# La Grange ZZ Top style lesson



## dolphinstreet (Sep 11, 2006)

Fun to play this kind of boogie woogie groove. Not just ZZ Top and Billy Gibbons doing this kind of thing - Canned Heat, Van Halen and many others have tunes with the same concept.

Hope you find it useful. 

[video=youtube;2a22Gjcxu60]http://www.youtube.com/watch?v=2a22Gjcxu60[/video]


----------



## keto (May 23, 2006)

Is that a new guitar for you, Robert? I don't recognize the headstock.

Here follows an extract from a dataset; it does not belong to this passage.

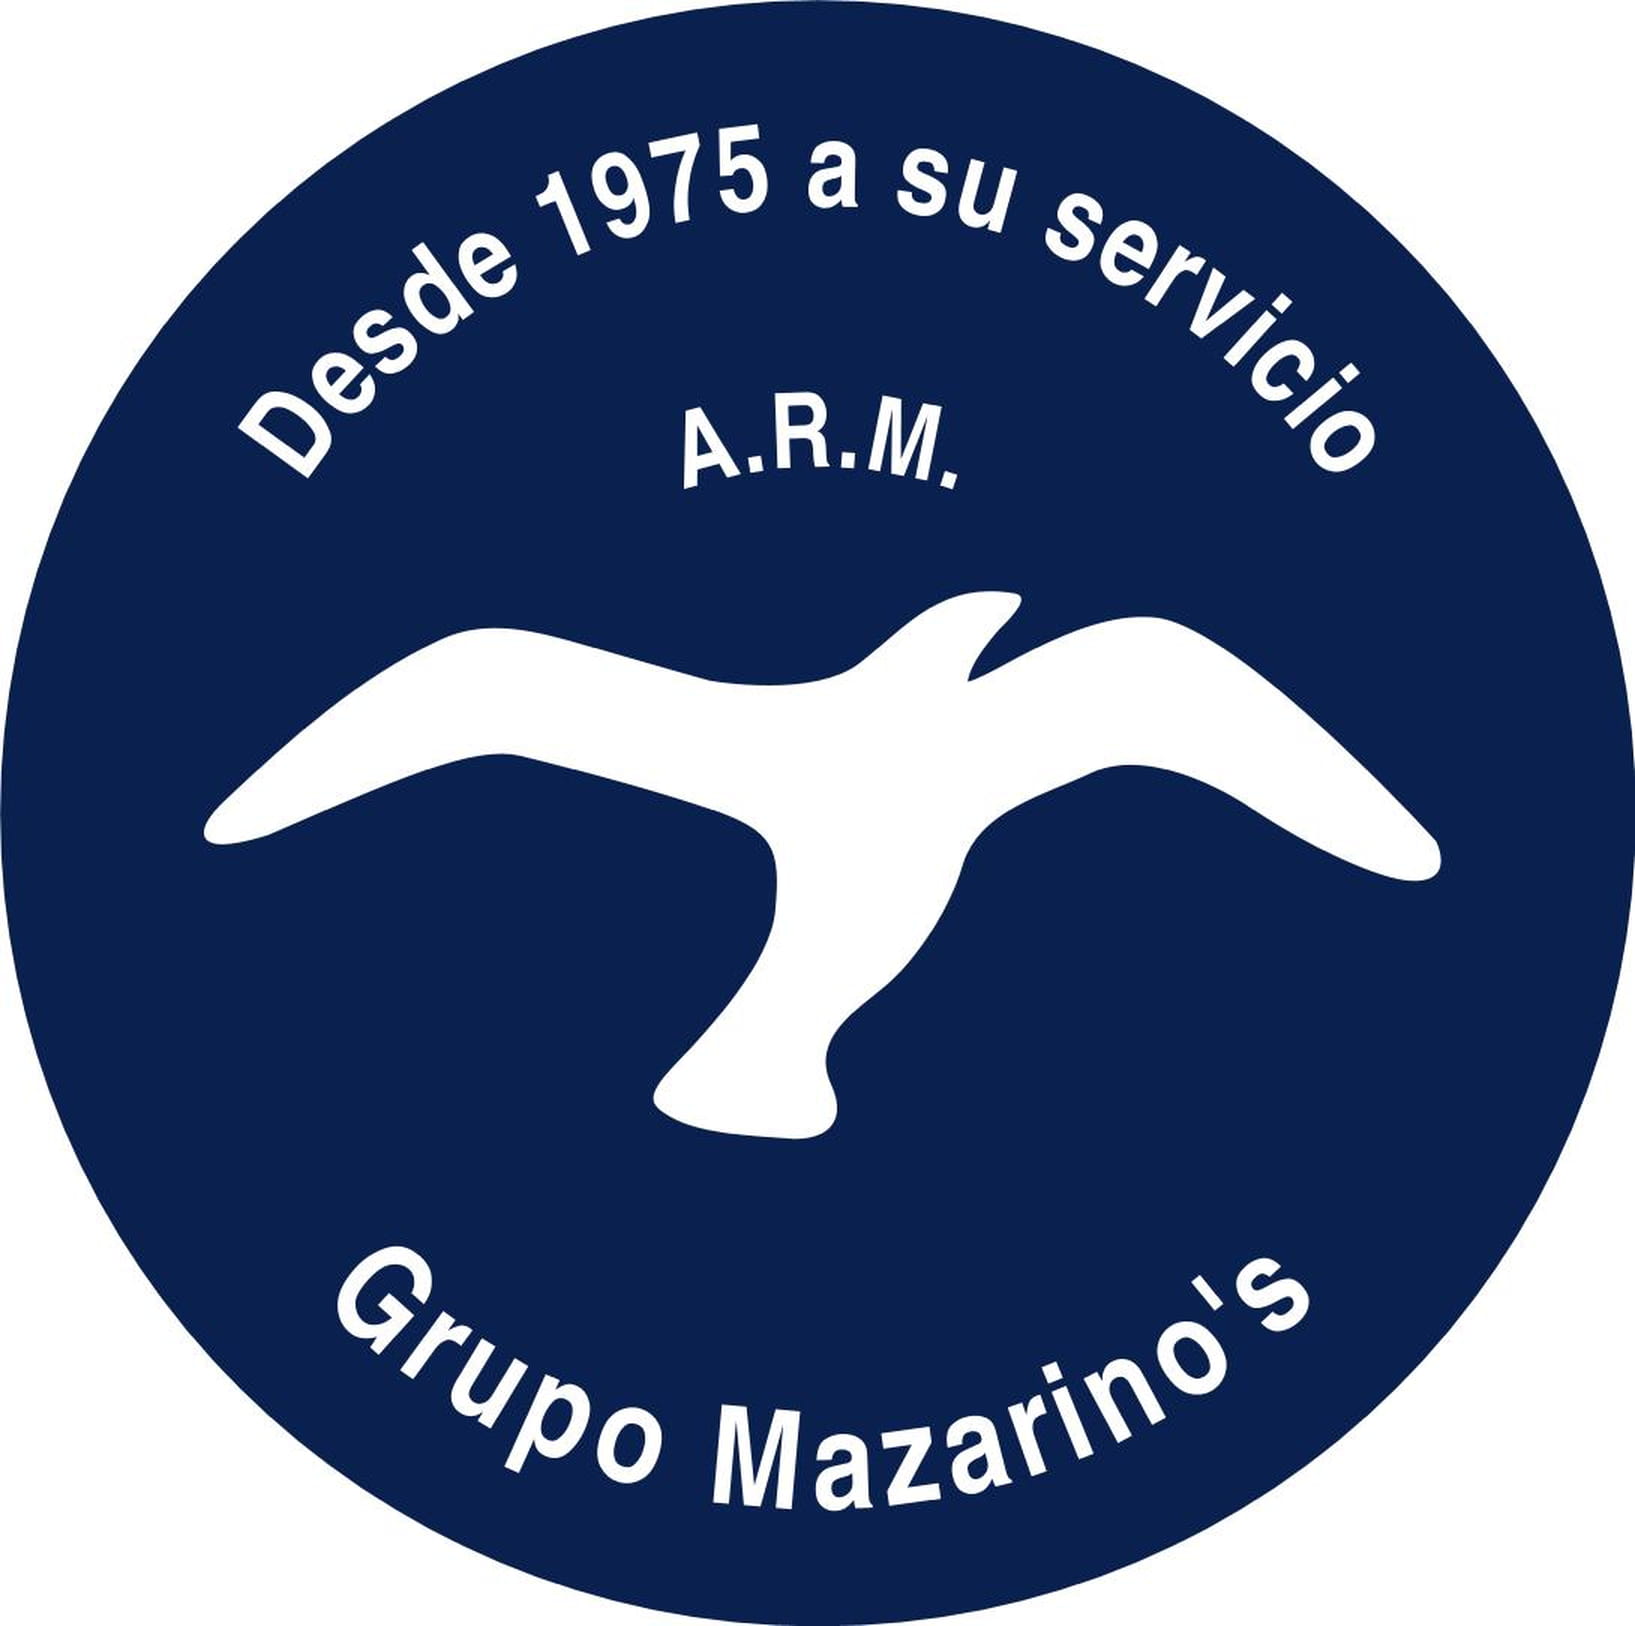 Grupo Mazarinos. Desde 1975 a su servicio

Love the boogie woogie, thanks for this.


----------



## dolphinstreet (Sep 11, 2006)

I've had this Hell Zerodot for quite a while. It's a new brand being launched very soon. I have 2 more, a Hell Bender and a Hell No.2 - see my demos on youtube for more information. They sound great, and they all feature Bare Knuckle pickups.


----------



## blam (Feb 18, 2011)

great tutorial, Robert.

I don't listen to a lot of classic rock but I actually heard La Grange at the gym the other day and wanted to learn that little rhythm. 

Thanks and keep up the great work


----------



## dolphinstreet (Sep 11, 2006)

Thanks blam, glad you liked it.


----------